I handed him my change, picked out the tallest poinsettia and put it on the back floor of my car. In ten minutes Mike and I were back at my house and hauling the tree inside. My mother was in her chair in the living room, reading Newsday6 and listening to yet more Christmas music. Once the tree was propped up in the corner where it’d eventually sit, I surveyed my mother.
“So, what do you think?”
My mother looked up from her newspaper as Mike copped a spot on our recently-reupholstered green/yellow velveteen sofa.
“How can I tell what it looks like, Christopher? You have to take the twine off. And where’s my change?”
“Wait a minute.”
I went back to my car for the poinsettia, rushing it back inside and proffering it to my mother.
“There isn’t any change. I bought you this.”
“WHAT IS THAT?!”
“It’s a… it’s a poinsettia.”
“I know what it is, Christopher! Why did you get it?”
Mike looked on, a smirk spreading across his face.
“I thought you might like it…”
“Did I tell you to buy anything else? I said get a tree. That’s IT. Who told you to buy a poinsettia?!”
“I… I…”
“Take it back and get me my change.”
“What? Really?”
“TAKE IT BACK RIGHT NOW!”
“Goddamnit. GODDAMNIT.”
I hadn’t taken off my bomber jacket and was out the door with the poinsettia before Mike could rise from the sofa and find his coat. I’d already started the car by the time he jumped in the passenger seat, laughing his ass off.

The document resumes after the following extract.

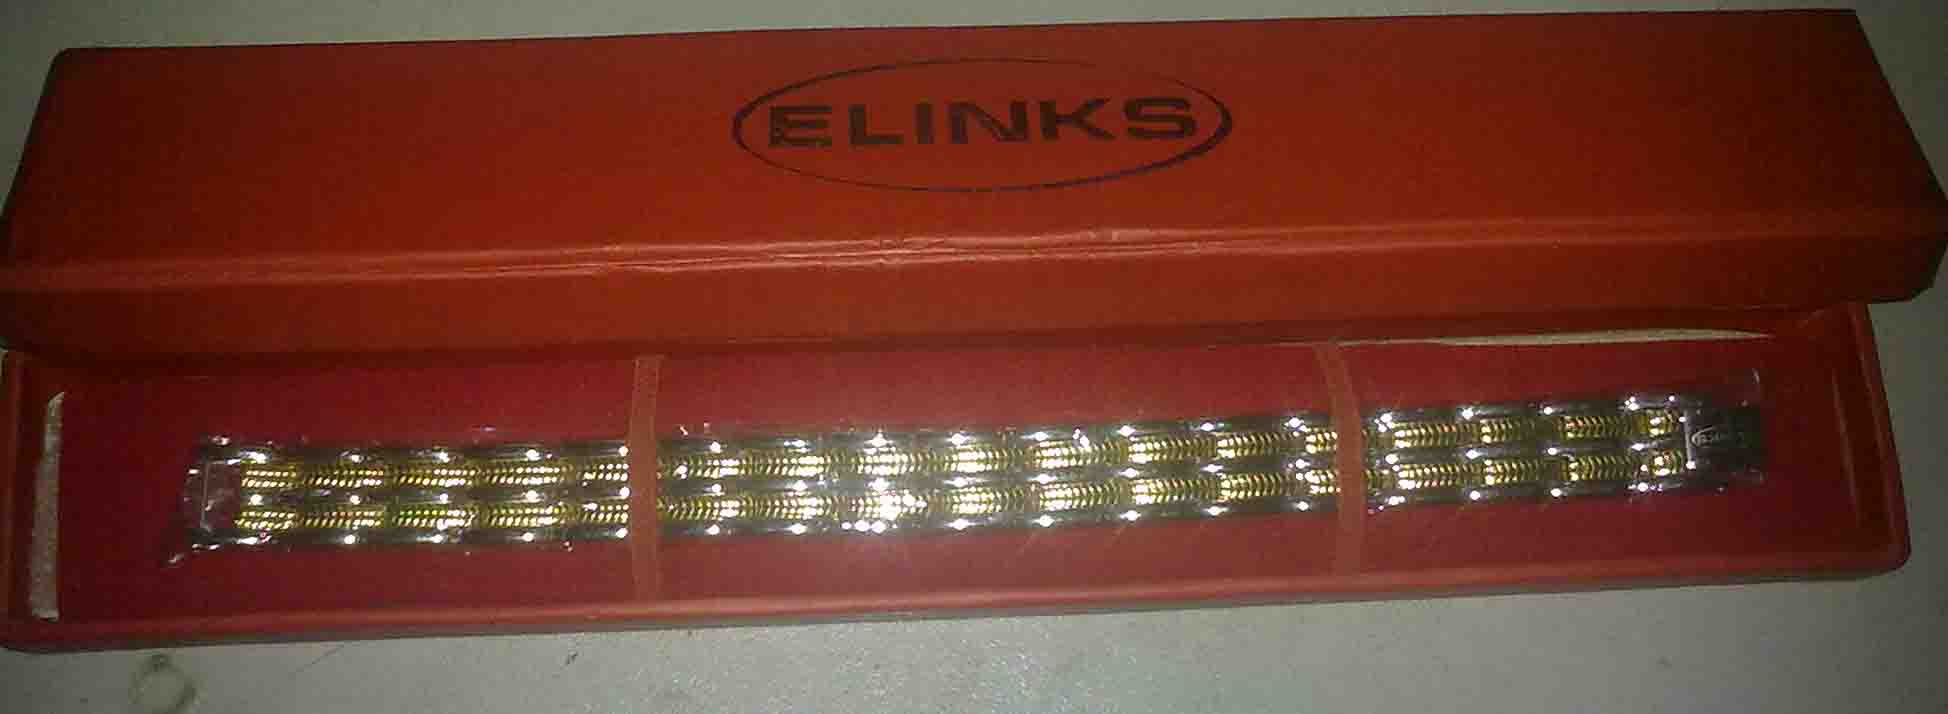 Elinks Bracelet 01753718908 large image 0

“‘What’s so fucking funny?”
Mike was holding his stomach, taking gulps of air and hooting.
“OH MY GOD! You try to do something NICE for your mother and she’s like (launching into a pitch-perfect impression) ‘TAKE IT BACK! TAKE IT BACK RIGHT FUCKIN’ NOW!’… oh, brother. A lovely little poinsettia.”
He dragged out the syllables so it came out POINT-SET-EEE-AHHH.

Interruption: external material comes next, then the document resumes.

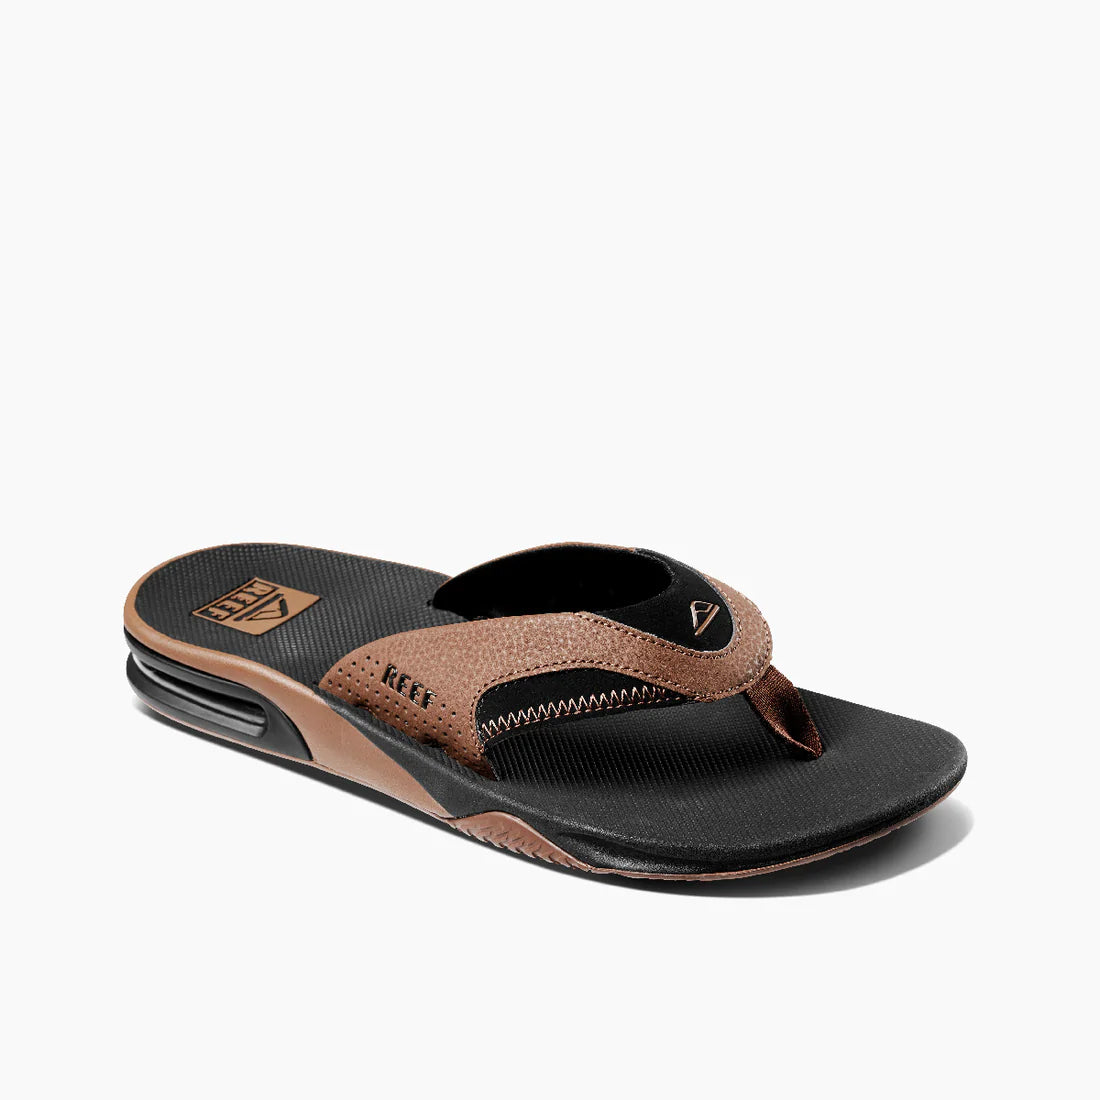 Reef Mens Fanning Black/Tan Sandals

I was too embarrassed and chagrined to find it funny and not looking forward to explaining to the attendant why I wanted a refund. Mike laughed all the way back to the Christmas tree lot and sat in the car while I pleaded my case.
“Hey, I was just here and bought a tree and this flower and I need to return this.”
The attendant squinted at me.
“You want to return that? Why? You know, we don’t do returns.”
He pointed at a hand-written sign saying ALL SALES FINAL.
“Man, I didn’t see that when we were here. And I need to get that five dollars back.”
“I’m sorry. I can’t. I just work here. I don’t make the rules.”
“Motherfucker. Motherfucker!”
The poinsettia was hastily returned to the back floor of my car behind the drivers’ seat. I climbed in, still fuming. Mike started laughing again.
“What the fuck? He won’t give you your money back?!”
“No. You believe this shit?”
“Your mother is gonna LOSE HER MIND.”
“Tell me about it.”
“My mother loved her poinsettia.”
“That’s your mother. Mine… Jesus Christ.”
Mike composed himself and sat up straight. As I pulled out onto Montauk Highway he made me an offer.
“Listen. I’ll buy that one and give it to my mom. She wouldn’t mind two.”
“Really? Thanks.”
Mike got his wallet out and passed me a five. We were soon parked in front of my house. I left the car running while I ran inside and threw Mike’s five dollar bill on the table near my mother’s living room chair.
“Here!”
She looked up from her Newsday, startled.
I pulled a quick one eighty and was out the door before she could respond, stifling an urge to add “Shove it up your ass!” Mike grabbed the flower of contention and toted it to his Capri.
“Good luck putting up your Christmas tree, buddy. I’ll see you later.”
“Yeah, thanks.”
Mike took off for North Lindenhurst and I got in my car to figure out where I could go to escape my mother awhile, settling on Music Land to ogle guitars I couldn’t afford. Every December hence Mike would gleefully retell the “point-set-ee-ah” incident, culminating with his screeching Mom Tsakis impression:
“TAKE IT BACK! TAKE IT BACK AND GET ME MY CHANGE!”
I’d smile, cringing inside.
Not the Superstorm: Mike’s first serious girlfriend.
Later, a succession of Mopars, beginning with a 1971 Plymouth Satellite.
Long before it was hip, we preferred dive bars to any other kind.
A long-defunct electronics chain store, ala Radio Shack but nerdier.
My mother’s preferred brand of menthol cigarettes.
The Long Island newspaper. We subscribed.